From Health Checks to Programming: Mark Cuban’s Daily Experience with AI

July | 17th | 2025 - Written by Staff

Mark Cuban says he’s a fan of artificial intelligence — so much so that it’s become a regular part of his day-to-day routine. The billionaire entrepreneur and startup investor uses AI for “everything,” he told the “High Performance” podcast in a June 30 episode. That includes writing code for software development, a skill Cuban hadn’t previously used in years, he added. “It’s insane how much I use it right now. I downloaded this app, Replit, and you just type in … I want to be able to compare pharmacy costs between my company and these other companies, and every time the price changes send me alerts,” said Cuban, 66.

“Within a few minutes, it had the first pass of the software. Then, I just ran it multiple times and gave it new ideas and things I wanted.”

He also uses AI to make text-to-video content for the NBA’s Dallas Mavericks — he’s a minority owner of the team — and to monitor his health, he said. “I recently had this thing called afib [atrial fibrillation] and I had an ablation, so I had to track all the things I was doing, the drugs I was taking.
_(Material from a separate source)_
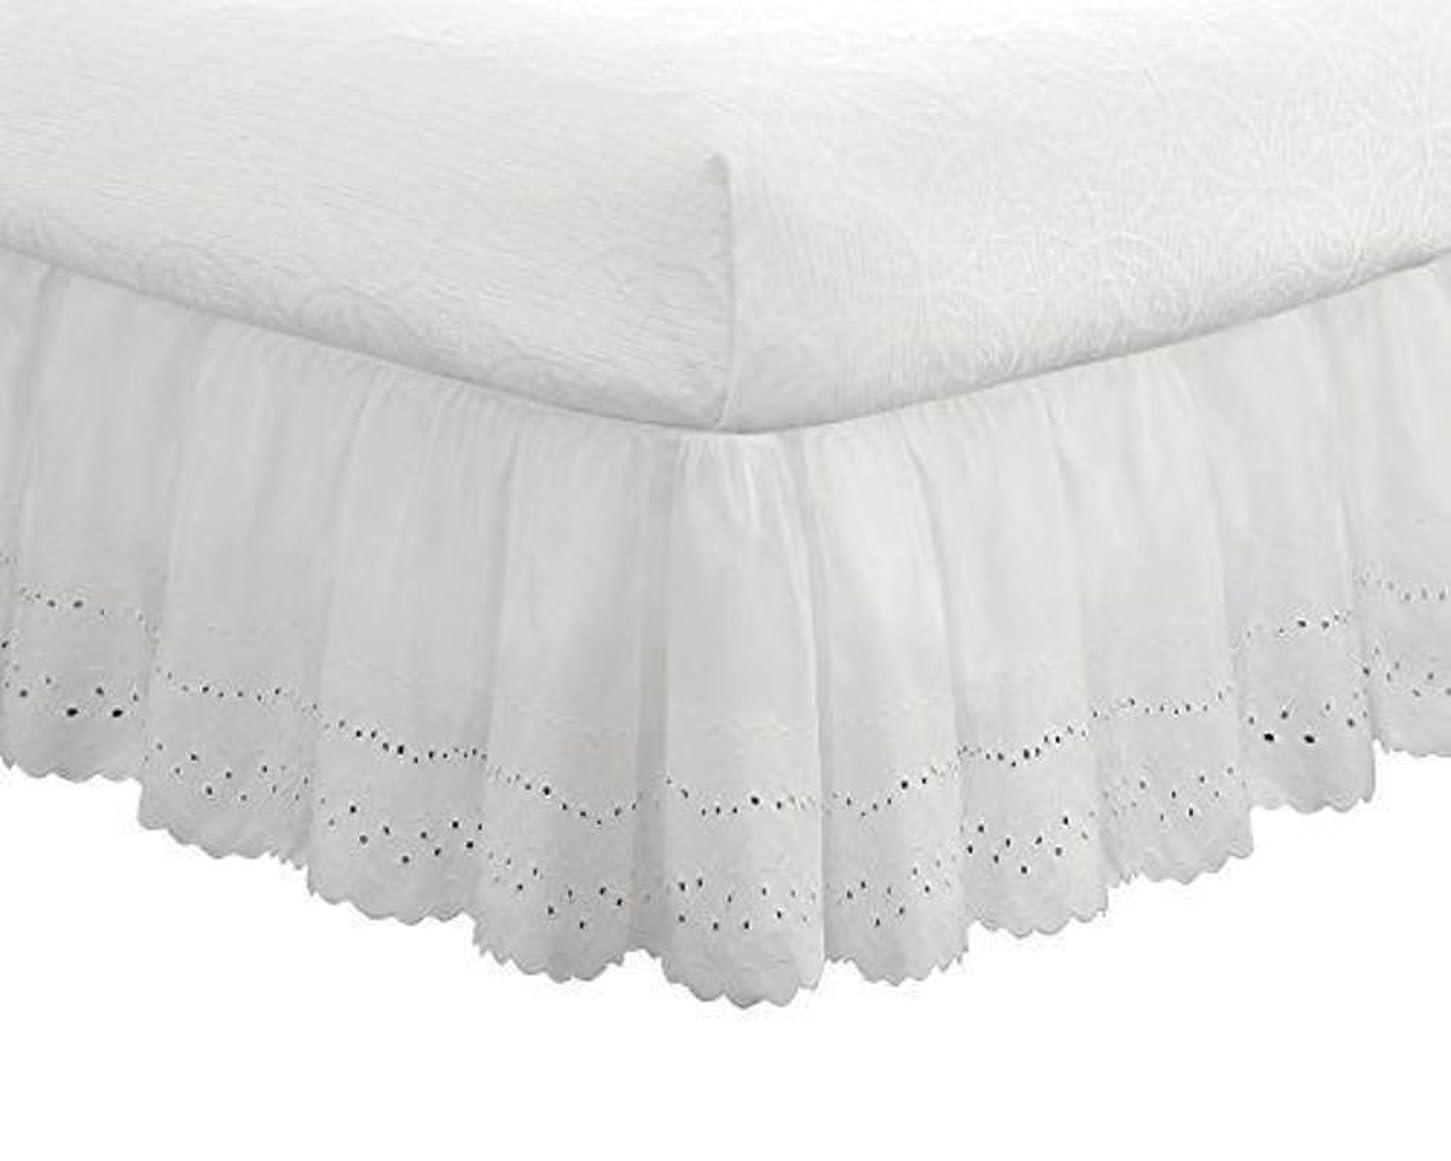 キウイ起きてスティック刺繍のベッド スカート,弾性 ポリエステル ベッドの周りをラップ 1 ベッドスカート, 耐フェード しわ 簡単なケア ベッドスカート- 200x220x38cm

And in the past, you might have downloaded an app and marked things down,” said Cuban. “I just [went to ChatGPT] and I was like … I’m going to tell you when I take my medicine and when I do my workout, and I want you to record it all. If there’s something there that I write down that you think is not right or I should be concerned about, let me know.”

The technology isn’t perfect, Cuban said: “An advanced programmer could do a better job.” DON’T MISS: A step-by-step guide to buying your first home—and avoiding costly mistakes But if you’re not an advanced programmer, you can at least get comfortable with prompt engineering, the process by which you train an AI to give you the output you desire, noted Cuban. Just make sure you fact check anything it tells you, he said: AI chatbots can hallucinate, generating fabricated information and presenting it as fact. “Chatbots were generally bad at declining to answer questions they couldn’t answer correctly, offering incorrect or speculative answers instead,” found researchers at Columbia University’s Tow Center for Digital Journalism, in a report published on March 25. Paid chatbots typically presented their incorrect answers more confidently than free ones, and some of the chatbots generated fake links when asked to “accurately retrieve and cite news content,” the researchers found.

“You’ve got to be careful … It’s like talking to a friend who you think knows a lot about something,” said Cuban. “You’ve still got to be careful and talk to an expert.” Some other tech billionaires — including multiple with vested interests in promoting AI‘s use — also say they use the technology regularly. OpenAI CEO Sam Altman uses the tech to process emails and summarize documents, he told Adam Grant’s “ReThinking” podcast in January.

Microsoft CEO Satya Nadella, unsurprisingly, uses Outlook’s AI features to organize and arrange his inbox, he said at the Fast Company Innovation Festival 2024. Nvidia CEO Jensen Huang, whose company manufactures computer chips used for training and developing AI models, uses chatbots to help him write drafts, he said at a Wired event in December. “I give it a basic outline, give it some PDFs of my previous talks, and I get it to write my first draft,” said Huang. “It’s really fantastic.”